Before we move up the ladder, a story from our post-college days.  My wife had a very honest friend who was once invited to a girl’s night out at Chippendale’s.   Her response feels like a good clean breath of cold spring air.  She declined: “nah, I don’t feel like seeing what I can’t have.”

This woman was no prude, and she was honest about a reality most of Hollywood doesn’t admit.   No one wants to be sitting next to strangers when an image wakes up a desire that, let’s face it, is intensely private.   I can remember watching a movie called “The Deep” with some high school friends.  It was a mixed lot of baseball jocks and a few tightly wound youth ministry girls.   The opening scene featured Jacqueline Bisset, swimming bra-less beneath a t-shirt.  One of the baseball dudes actually began moaning in a way that was only about 95% comic.   The other 5% left one of the girls so uncomfortable she insisted on a particular seating order in the car on the way home.

To pretend human beings are all as sex-callous, and paralyzed from the waist down, as Larry Flynt, would be to engage in a gross lie, and that’s why sex, in any real piece of art, has to be implied not visualized.   Did God show us the temptation David felt when he saw the beauty bathing on the rooftop?  Yes.  Did God choose to show us the actual moment of consummation in that story?   No.   Because God knows you aren’t an idiot.   Larry Flynt, and Hollywood, and Planned Parenthood are the ones who want to turn you into a rutting piece of meat.
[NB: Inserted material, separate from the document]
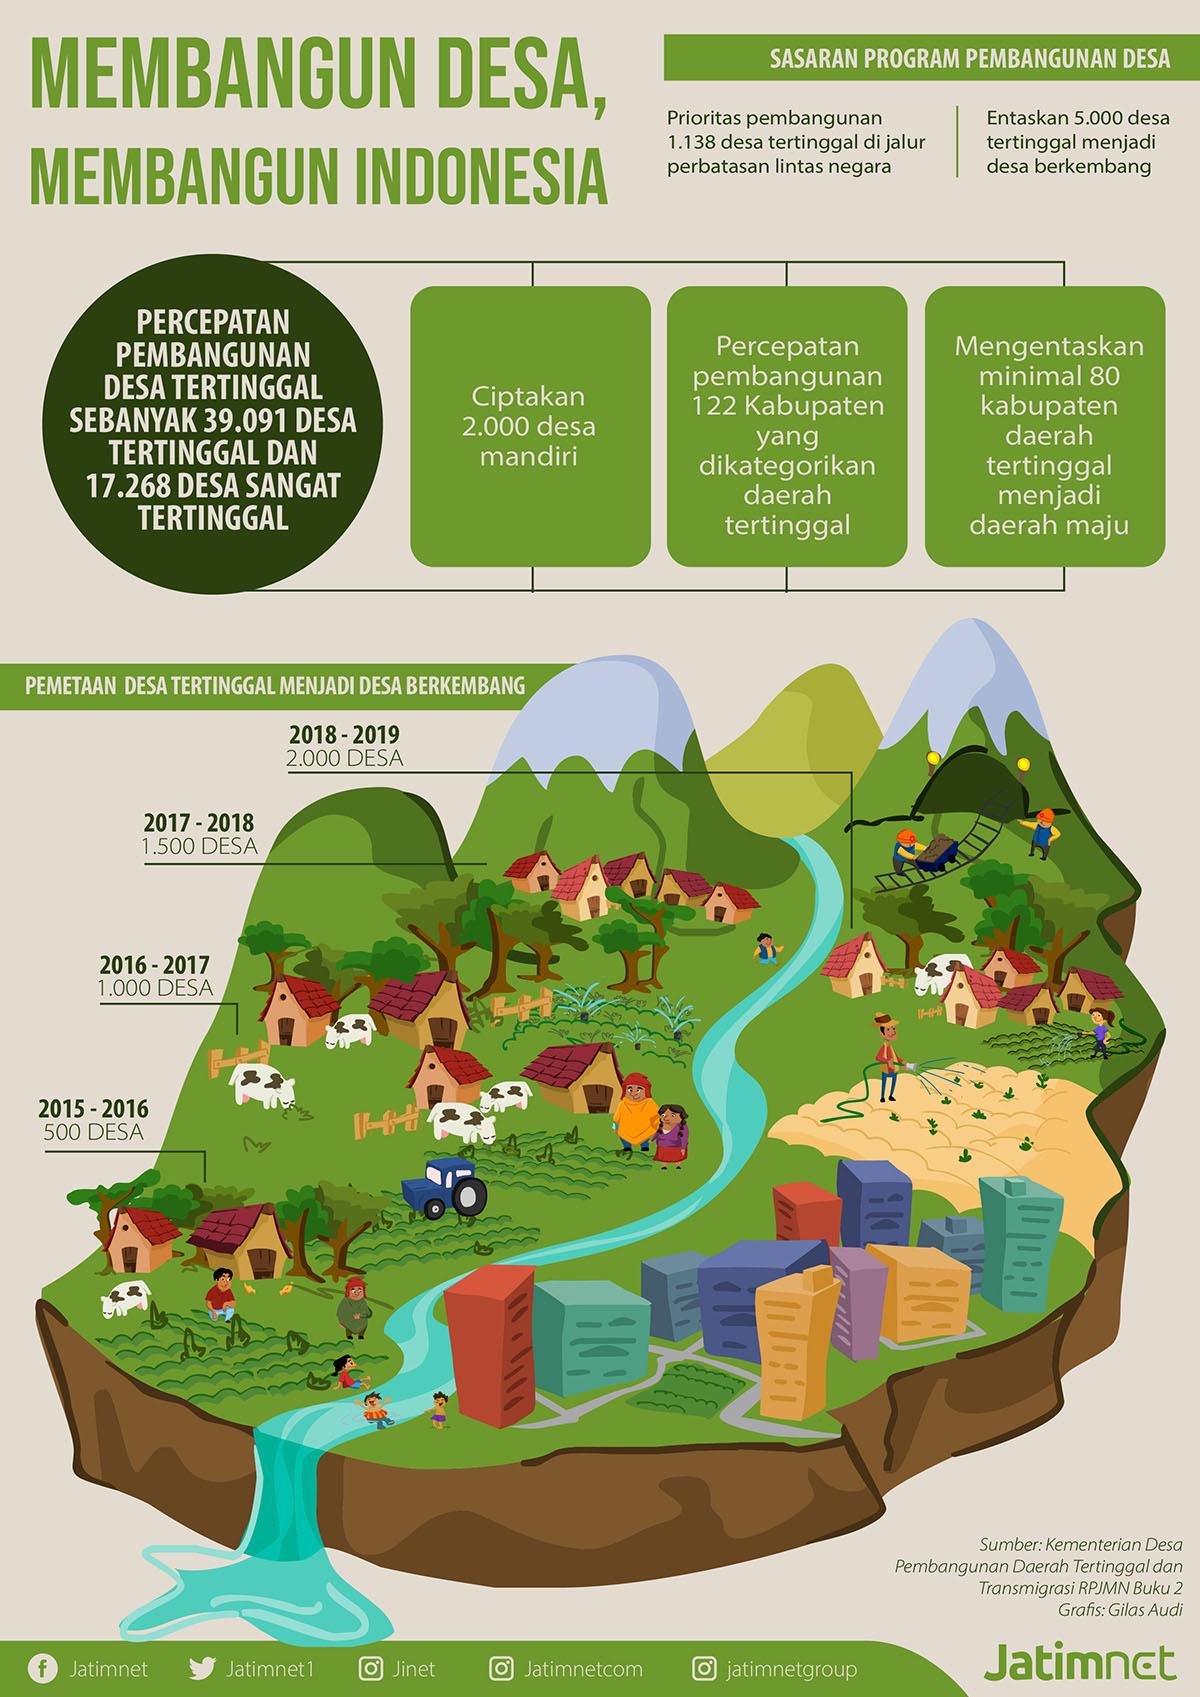 Membangun Desa, Membangun Indonesia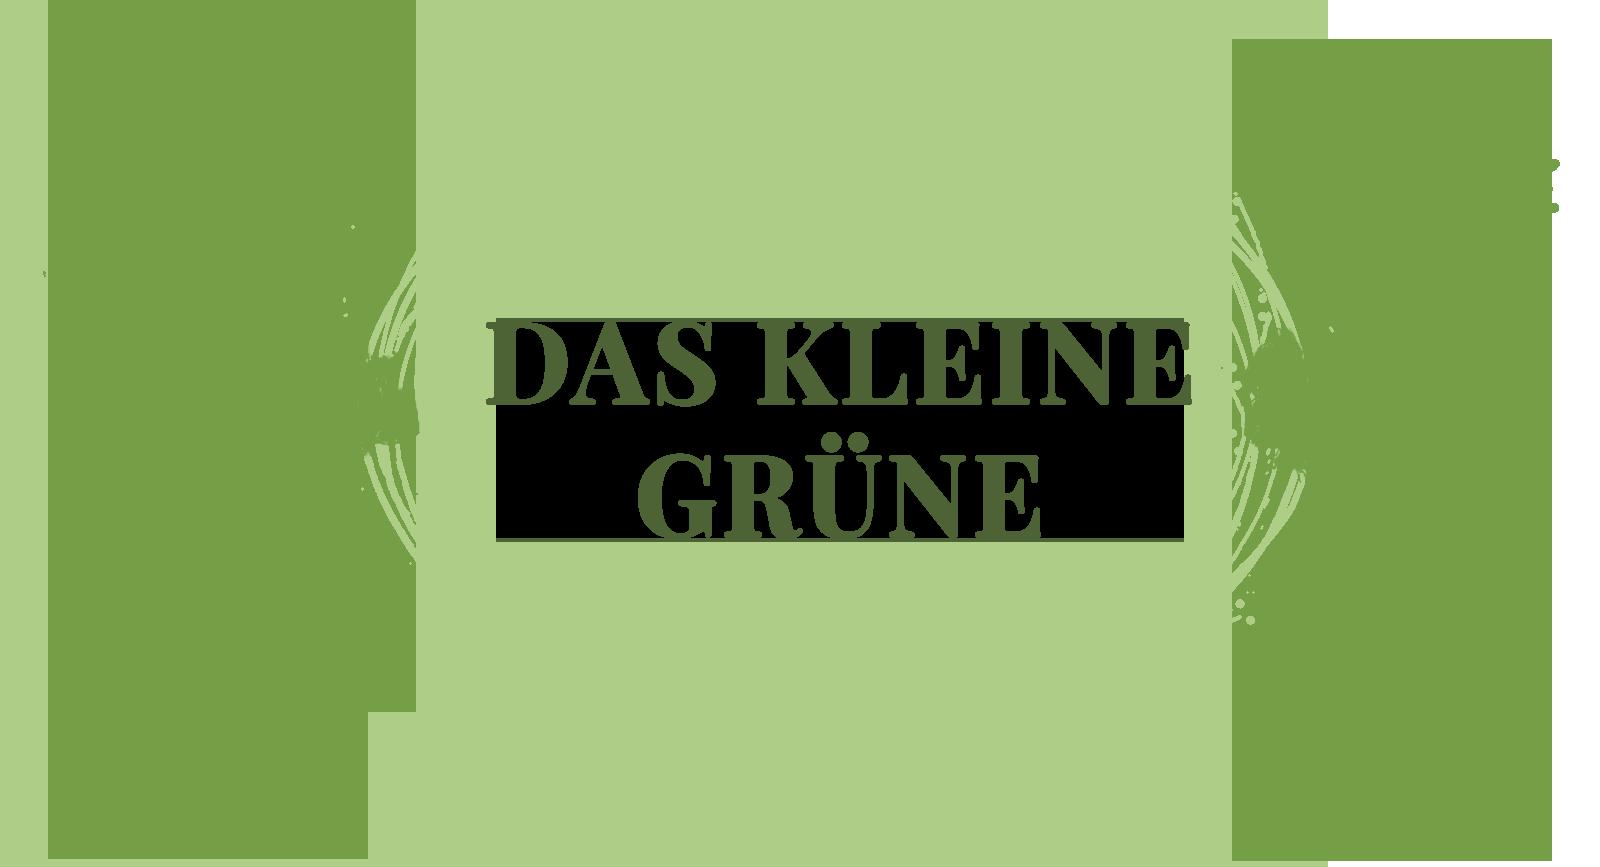 das-kleine-gruene-logo

Returning to story, let’s go to the honest way of treating a divine gift: sexuality.  In one of my favorite films of all time, “It’s a Wonderful Life,” Violet Bix is presented as the sort of woman who made cab drivers, policemen and loan officers stop on the street and ponder the reality of desire. It wasn’t a story that pretended desire didn’t exist, nor was it a story that followed that desire all the way to naked flesh-on-flesh.   It just allowed the temptation to be presented, and it presented it with light-hearted charm.   The police officer goes off to his wife and George Bailey, eventually, goes off a courting.   Do we need to follow Bert the cop back to his afternoon amour with his wife?   Does George need to be seen in the bed of every Bedford Falls virgin?   The answer, for thinking people, of course, is no. There are some rooms we do not need to enter.

On the other hand, there are a few shrieking purists who think a Christian story should be as sexless and dry-cleaned as a choir robe back from the cleaners.    I would point those sorts to Solomon 1:13:

A bundle of myrrh is my wellbeloved unto me; he shall lie all night betwixt my breasts.

When was the last time you listened to that from the pulpit?

Enter Hollywood.  When the Almighty speaks a truth, and God’s pastors ignore it, then Hollywood will distort it without mercy.  The truth is that any story, any film, any novel that pretends to a holiness God HIMSELF did not model is not really a story about our condition, and certainly not a story about God’s creation.   Good Christian stories should contend with not just love, but desire, in a way that glorifies the absolute marvel of HIS creation.

So, in practical terms, when we see Jennifer Ehle, in the BBC version of Pride and Prejudice, and she’s dressed in her revealing Empire waist dress, her beauty is not making up for poor story;  it’s just adorning exquisite story.

That puts a lot of pressure on the writer.

But God shouldn’t have to do all the work.